Из хижины, лишь отчасти защищавшей от снежных бурь, мореплаватели смотрели на полярную луну, которая ни днем, ни ночью не сходила с небосклона. Стены изнутри покрылись дюймовым слоем льда. Когда настала двухмесячная полярная ночь и часы замерзли, люди не теряли счета времени только благодаря тому, что отмеряли каждые полусуток принесенным с корабля песочным хронометром.

К середине декабря закончились дрова, но моряки сумели откопать остатки древесины, которая пошла на строительство хижины. Рождество не принесло ничего, кроме снежной бури, которая намела сугробы выше дома, замуровав людей внутри. Обычная обувь насквозь промерзала, поэтому приходилось носить вместо нее свободные бахилы из овчины поверх нескольких пар носков. Запасы топлива опять иссякли, и люди начали сжигать ненужные вещи. Выглянуть наружу можно было, только высунув голову в дымоход.

Когда погода наладилась, путешественники прибрались в хижине и запасли как можно больше дров. Тут они вспомнили, что на дворе 5 января, вечер Крещения — та самая Двенадцатая ночь, в которую, по голландским поверьям, нарушается заведенный порядок вещей и все становится вверх дном.

В честь праздника пекли лепешки и угощались капитанским печеньем, которое макали в остатки вина. Моряки воображали, что вернулись домой и пируют за королевским столом. За отсутствием пирога с запеченным бобом «бобового короля» выбирали жребием. Так и получилось, что 5 января 1597 года — в день, который запомнят века, — безымянный ныне канонир третьей экспедиции Виллема Баренца вытащил заветную соломинку и до полуночи правил как первый король Новой Земли, мнимый владыка льда и смерти, повелитель надежды и отчаяния, государь пустоты.

5

1 октября 1961 года — в день переезда Владимира и Веры Набоковых в «Монтрё-Палас», Запад смотрел на Новую Землю не в предвкушении новых открытий, а в апокалиптическом ужасе. СССР объявил о начале ядерных испытаний. За те несколько недель, что Набоковы оформляли договор с отелем и перебирались на третий этаж старого крыла, прогремело десять атомных взрывов; в течение следующих двух месяцев их ожидалось еще больше дюжины.

С 1951-го по 1958-й годы шла гонка вооружений, грохоту советских бомб регулярно вторили разрывы американских, а порой и британских. Но осенью 1961 года в качестве средства устрашения Советский Союз начал использовать свои полигоны.
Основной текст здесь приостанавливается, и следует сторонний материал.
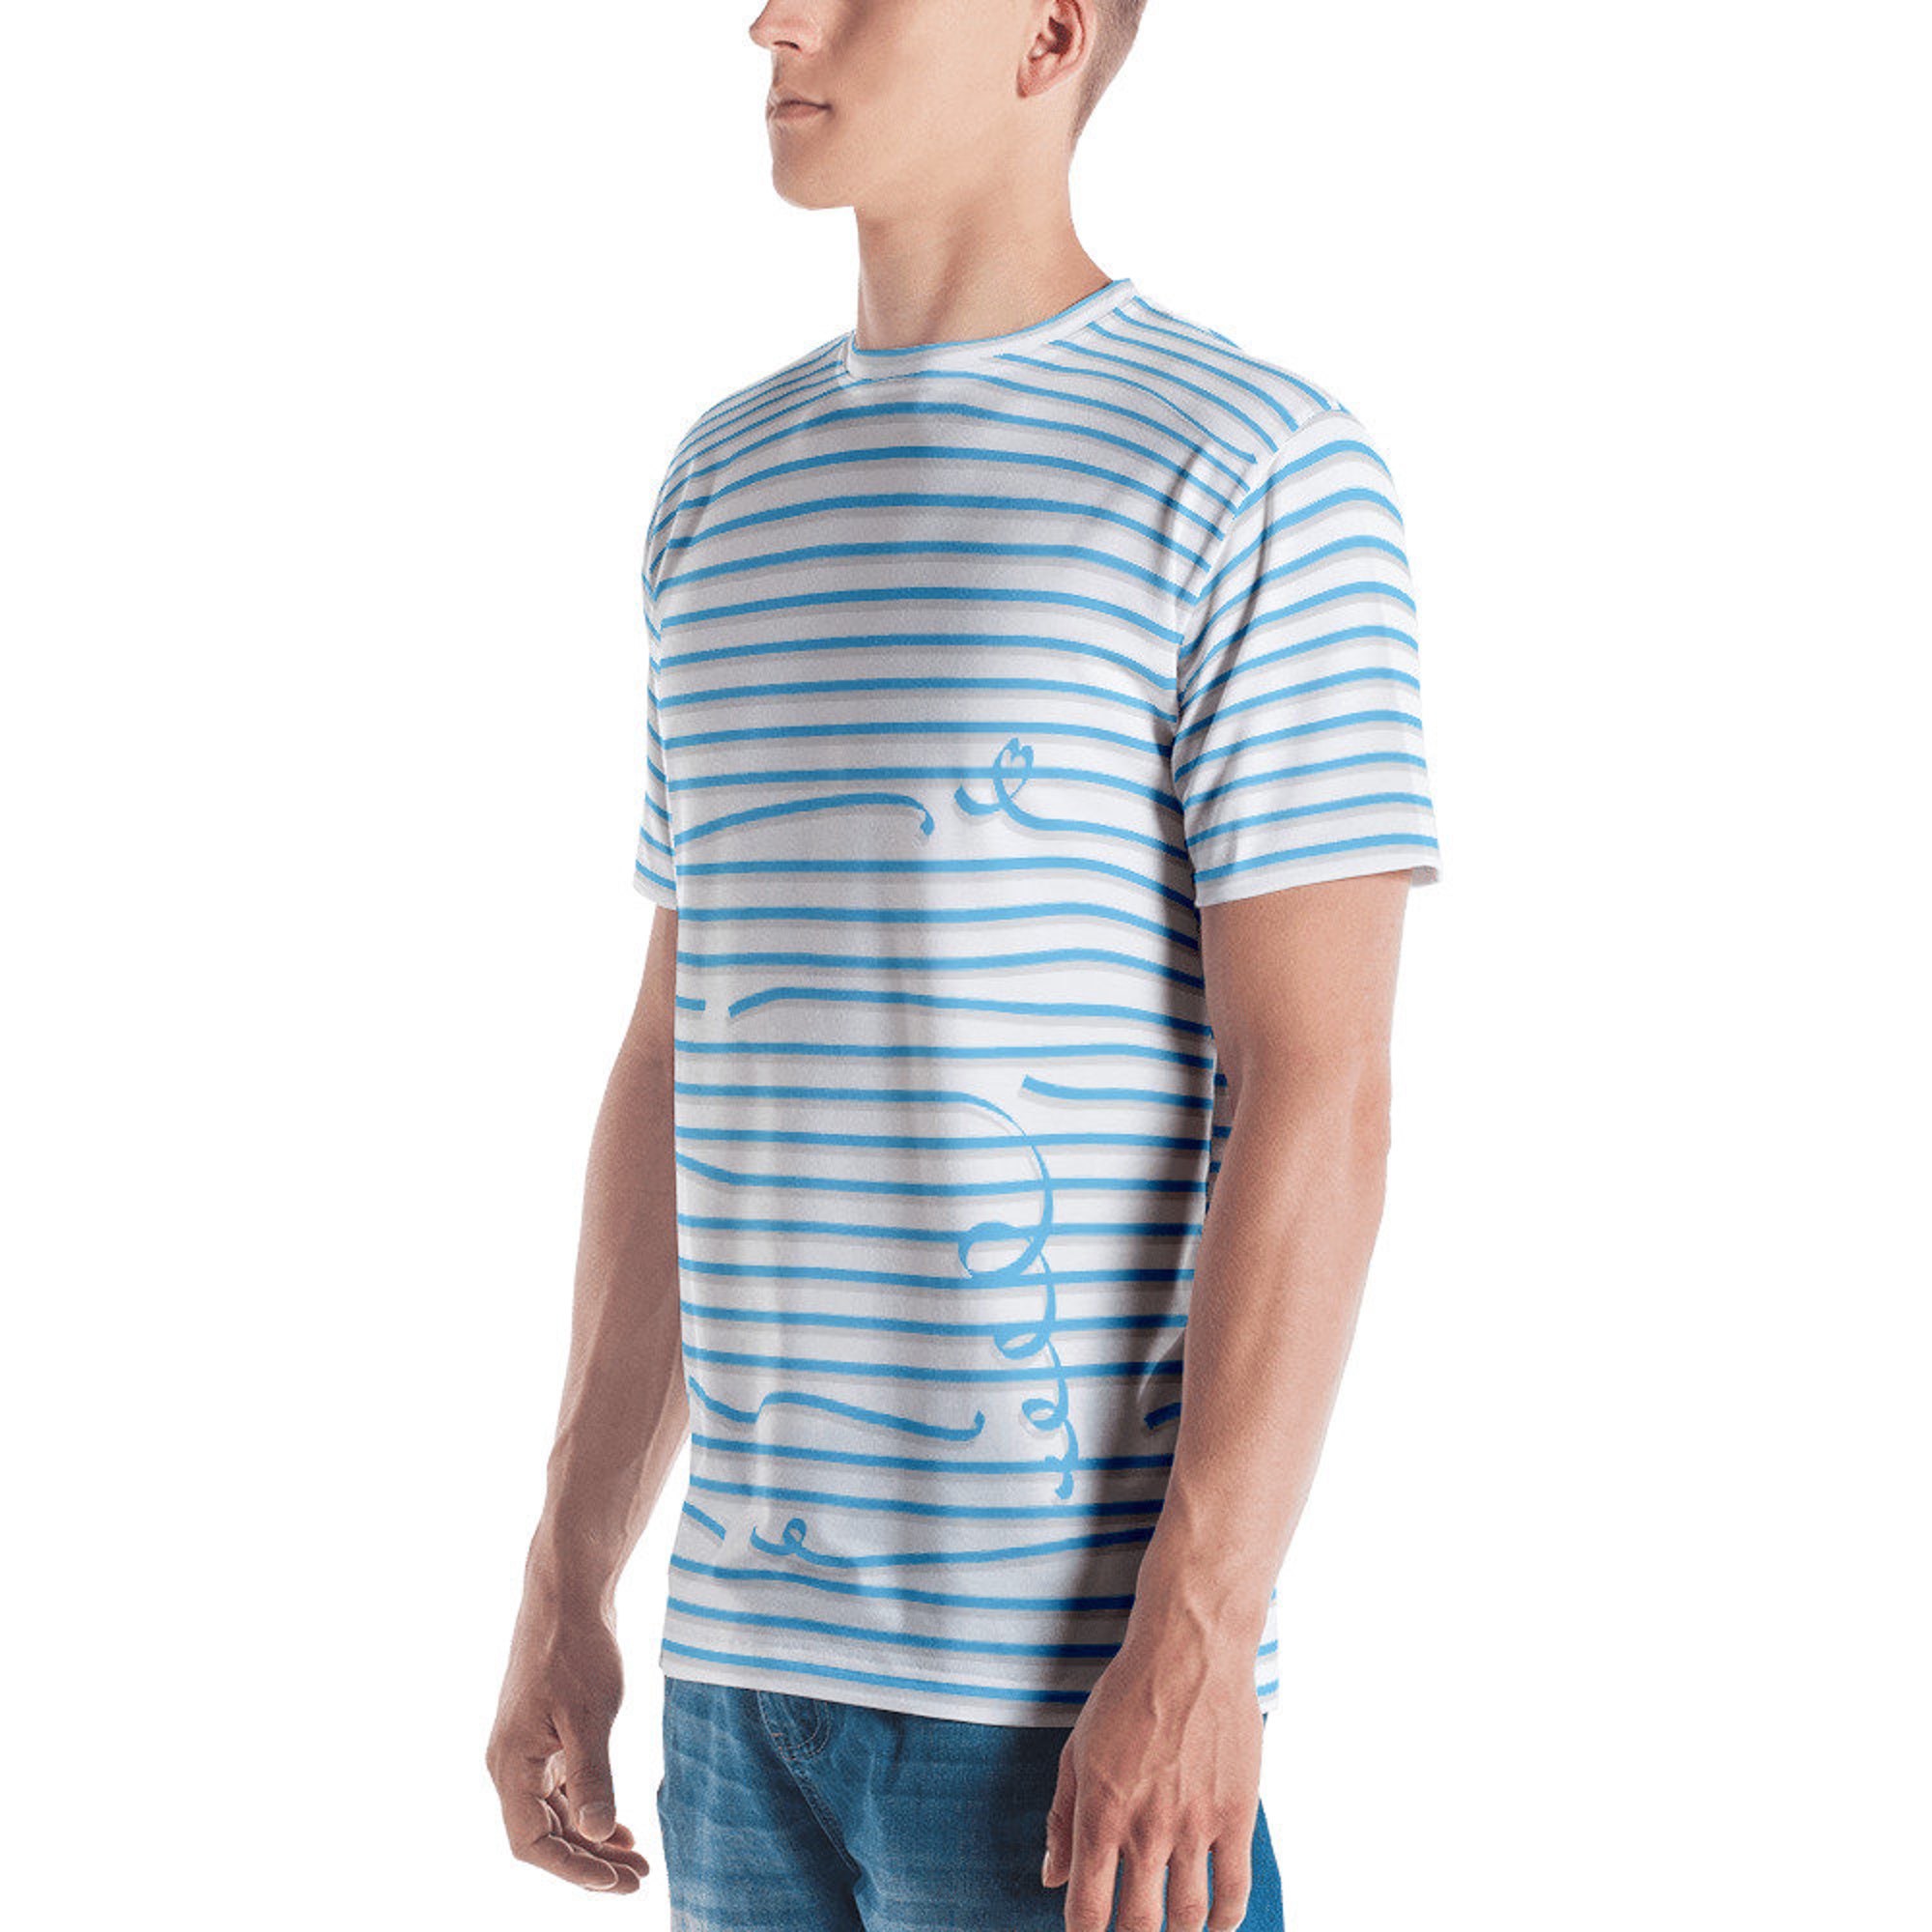 T-shirt, Pastel Blue Stripe pattern

СССР хотел показать, что его военная мощь не уступает американской, притом что имевшиеся у него на тот момент четыре межконтинентальные баллистические ракеты не шли ни в какое сравнение с арсеналом США.

Радиоактивные облака от испытательных взрывов относило ветром к западным и южным соседям. Тем оставалось лишь гадать о воздействии осадков на людей, домашних животных и сельское хозяйство. Тему испытаний активно обсуждали в ООН, где внеблоковые государства отказывались принимать чью-либо сторону, а реакцию остальных стран определяла граница, разделявшая союзников США и советскую сферу влияния.

Швейцарское правительство официально занимало нейтральную позицию, но один из недавно поселившихся в Швейцарии писателей категорически ее не разделял. Жизненным принципом Набокова было выбирать «такую линию поведения, которая наиболее неприятна красным и расселовцам»9. Хрущевская оттепель и развенчание культа личности Сталина не заставили

Набокова пересмотреть свое отношение к Никите Сергеевичу и советскому правительству. Атомная гонка, как видно, тоже его не впечатлила.

Ядерные испытания были далеко не единственным кризисом, потрясшим планету в том году. В августе начали возводить Берлинскую стену, а в конце октября советские и американские танки подъехали к границе, разделявшей город, и, приковав к себе внимание всего мира, шестнадцать часов простояли лоб в лоб. На фоне этих событий в сентябре и октябре каждые несколько дней взрывались бомбы; иногда испытания проводились ежедневно.

Самые первые советские взрывы прогремели в Восточном Казахстане, недалеко от того места, куда сослали Солженицына. Но в 1958-м, через год после того как Набоков начал собирать «соломинки да хворостинки» для «Бледного огня», газеты объявили, что СССР открыл новый испытательный полигон чуть севернее материковой части страны. В итоге все то время, пока Набоков работал над романом-поэмой, Советский Союз проверял свой арсенал на Новой Земле.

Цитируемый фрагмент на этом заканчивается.